*** Opening SUPPLIED RECORDS ***
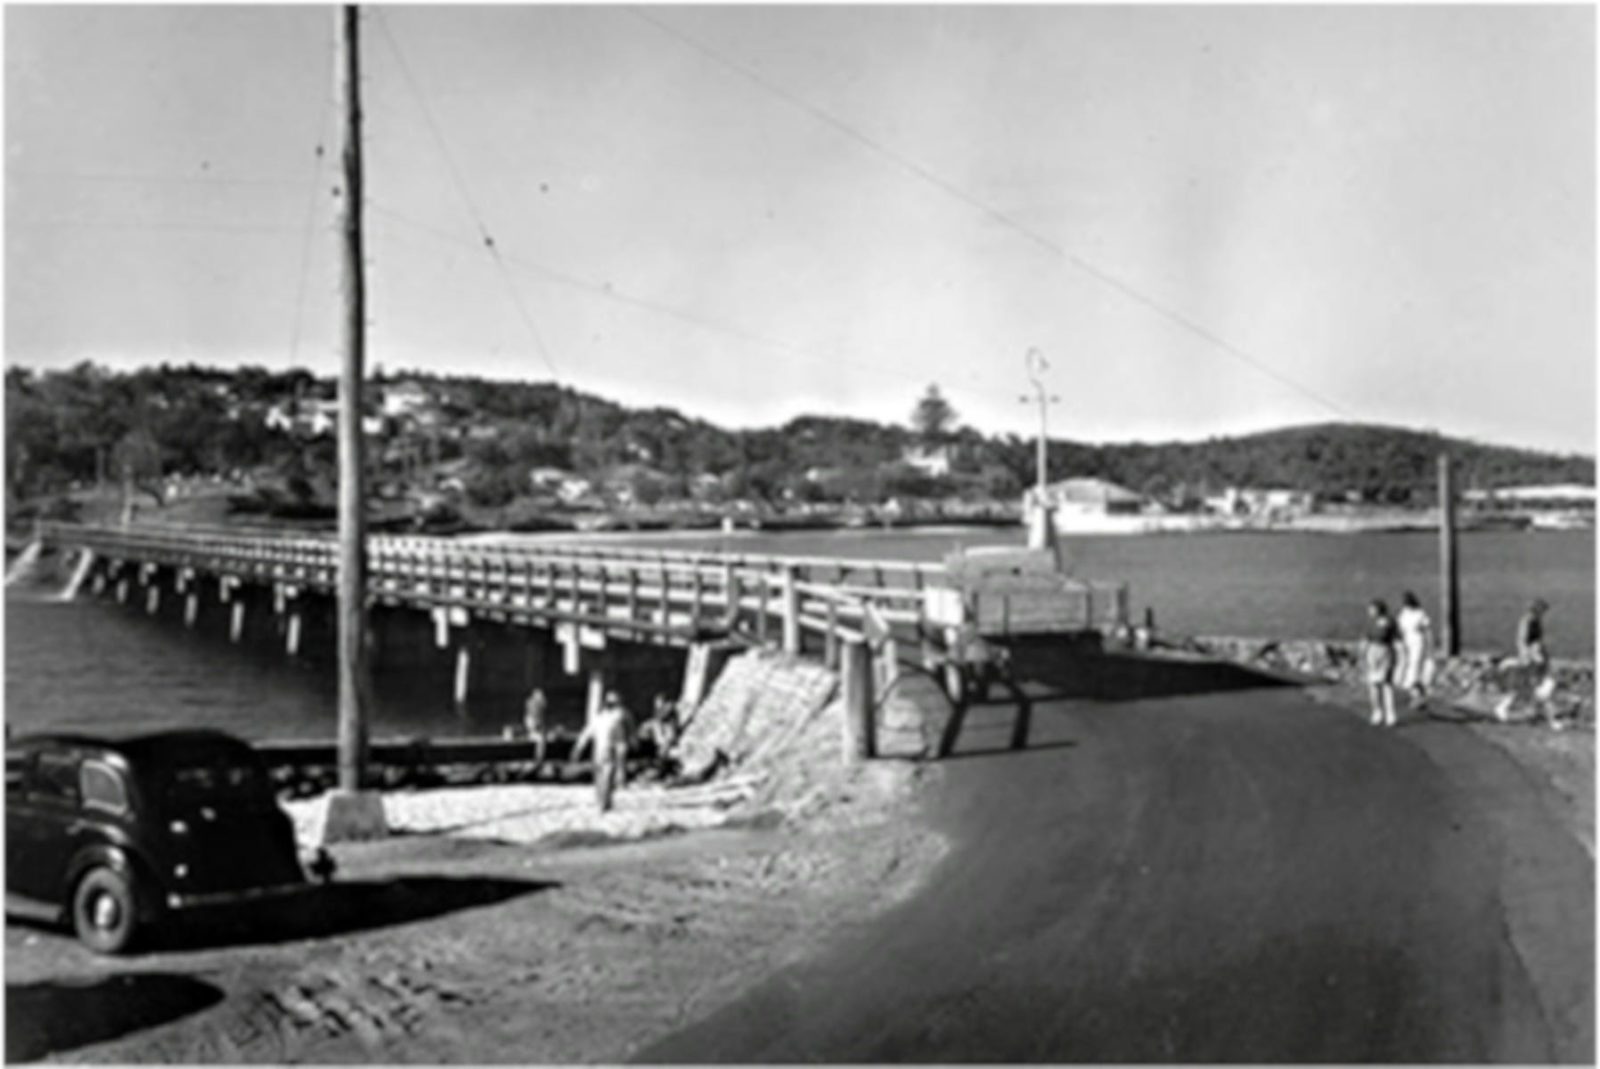 Missingham Bridge in olden days
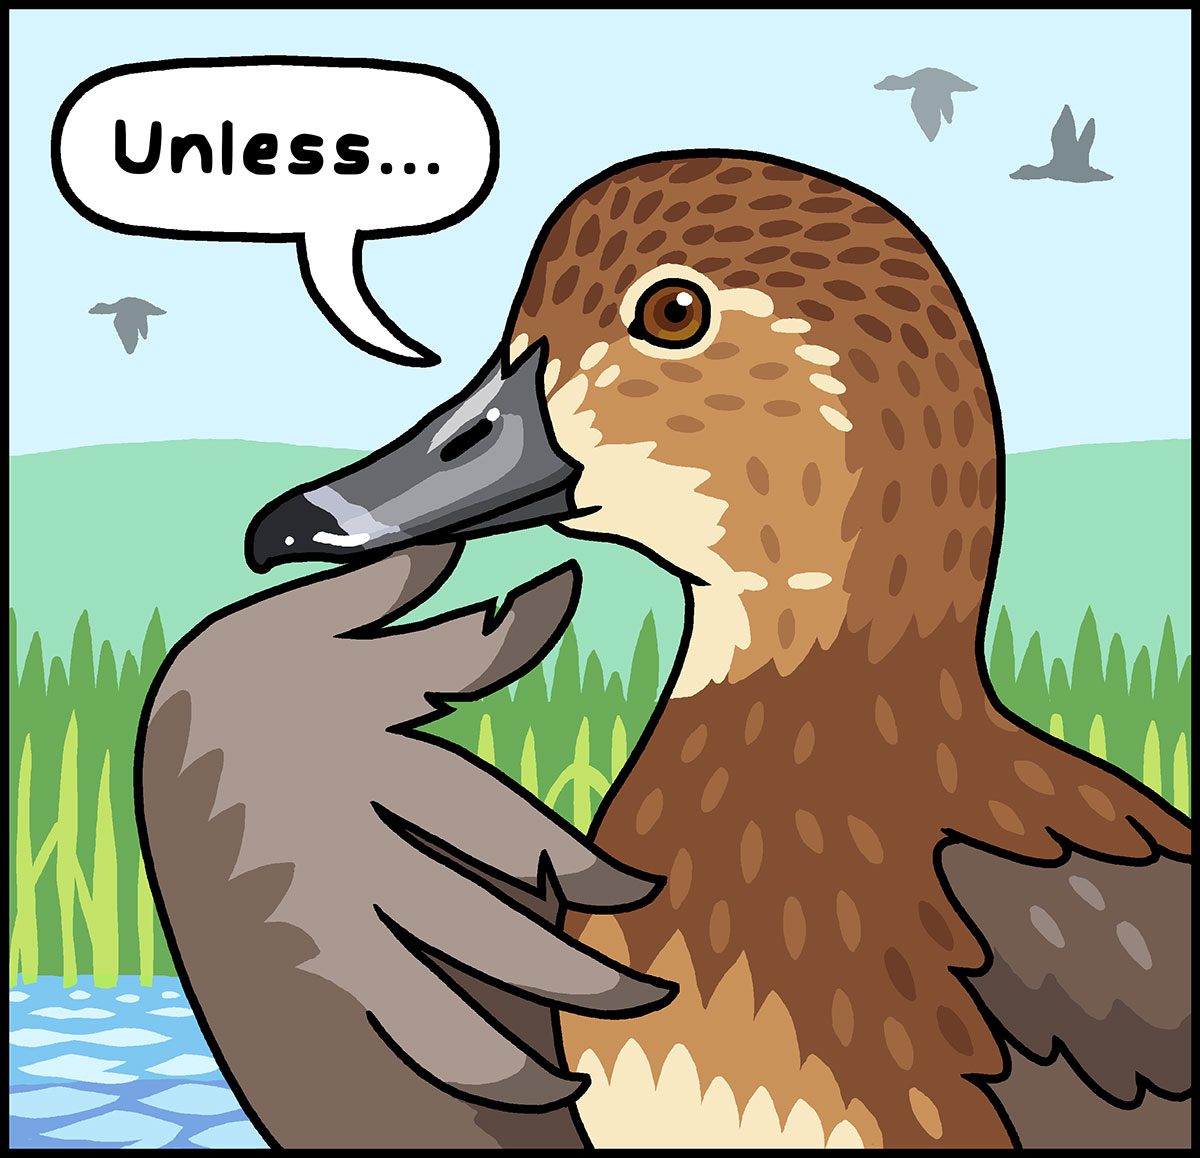 Cartoon of duck thinking "Unless..."
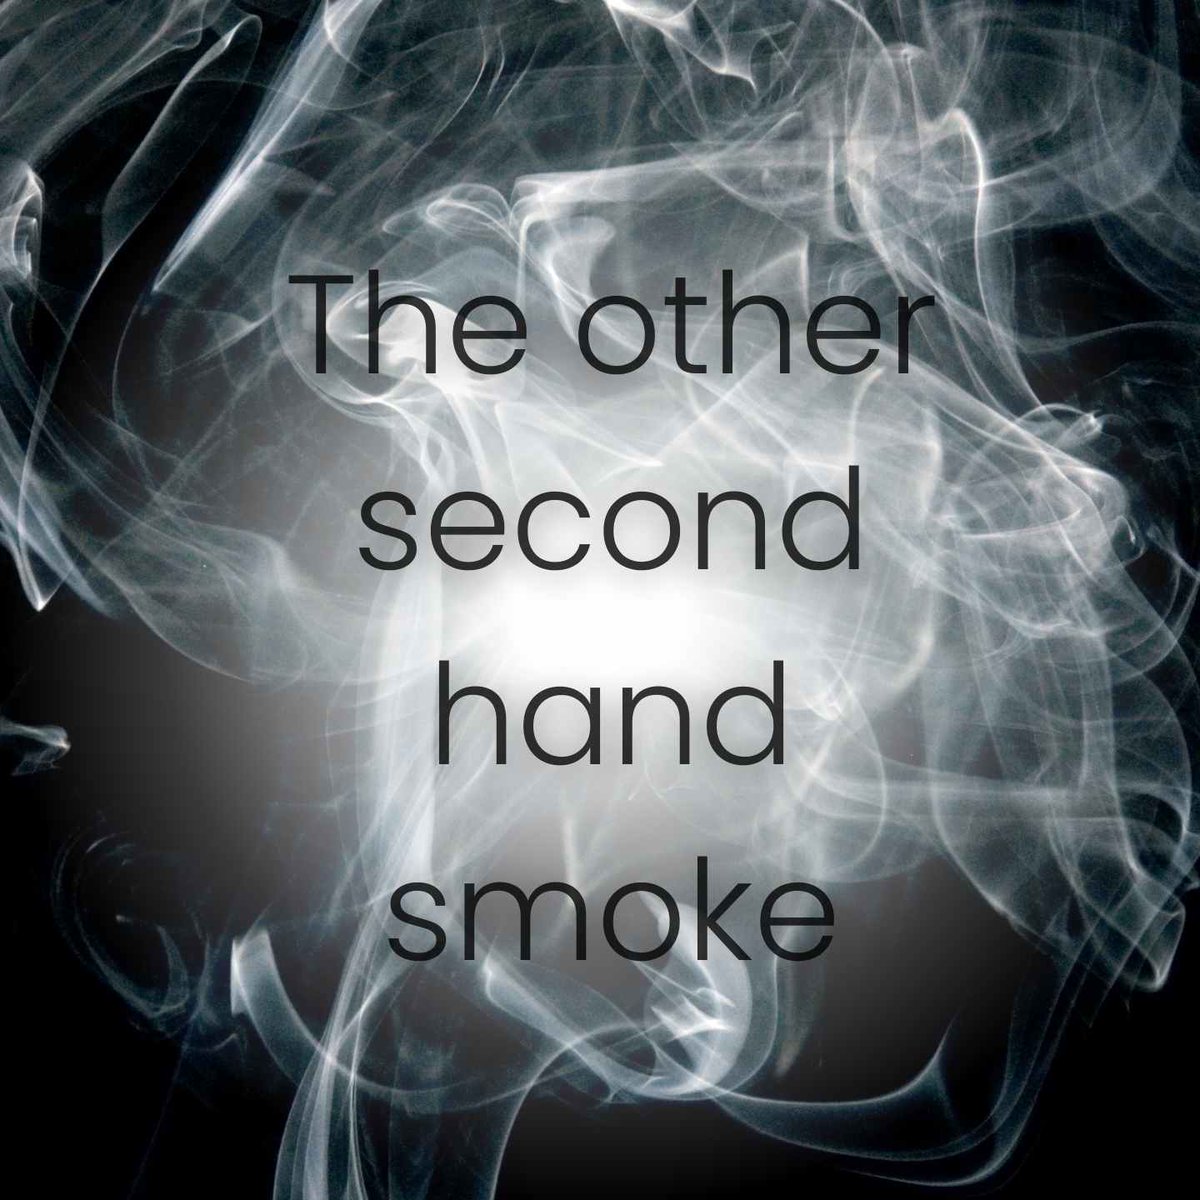 Wood smoke is the other second-hand smoke
tinyurl.com/ycyebj3a
woodburning.london #woodburning
#woodburninglondon #secondhandsmoke
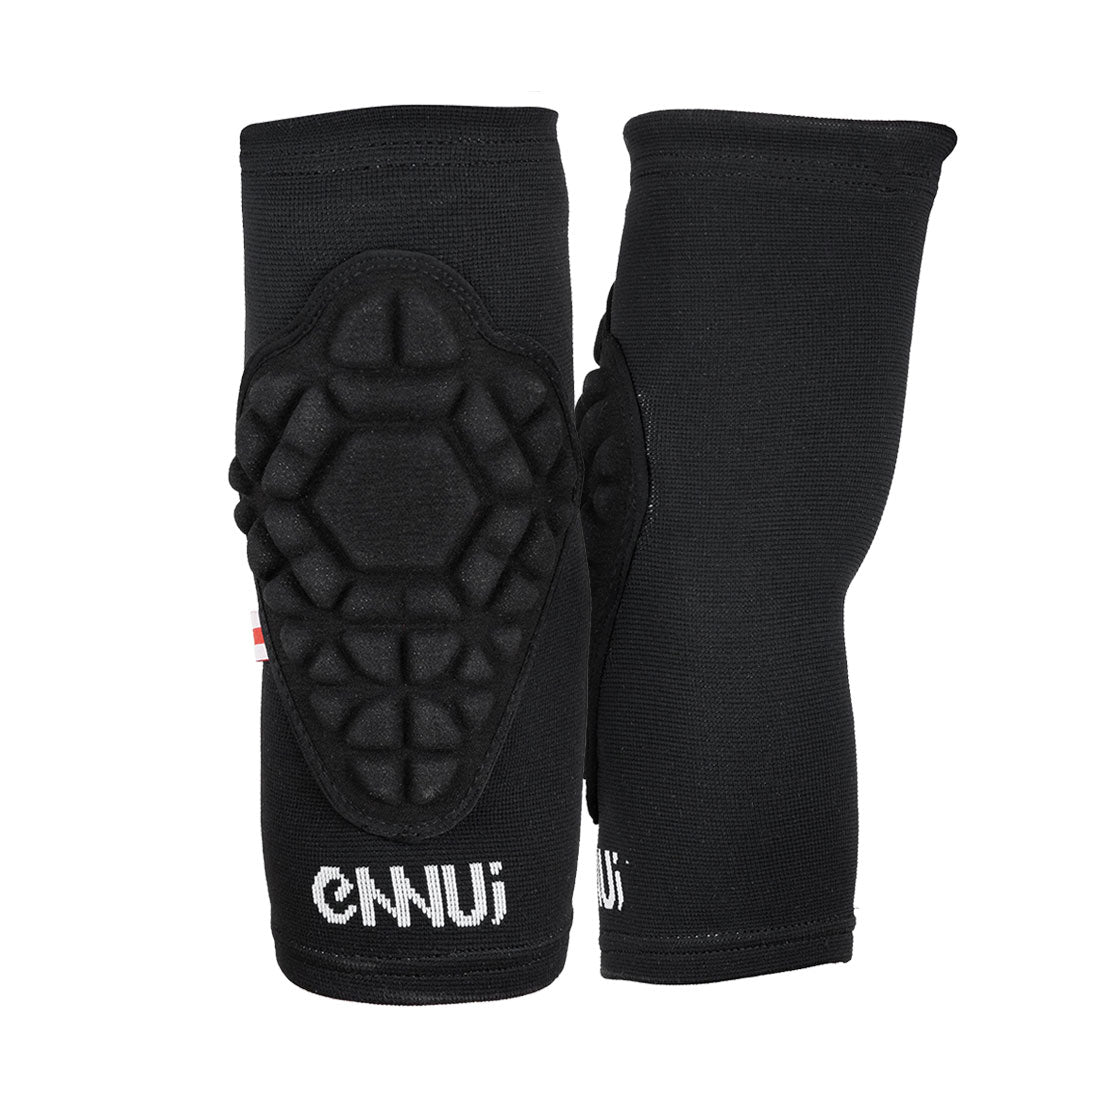 Ennui Shock Sleeve PRO Elbow Gasket Protective Gear
*** Closing SUPPLIED RECORDS ***
• **EXERCISE OBJECTIVE**: Return exactly the lines from the one with "woodburning.london #woodburning" through the last line of the entries above, both ends included. No pictures may appear in the copy.

• **ANSWER AREA**:
woodburning.london #woodburning
#woodburninglondon #secondhandsmoke
 Ennui Shock Sleeve PRO Elbow Gasket Protective Gear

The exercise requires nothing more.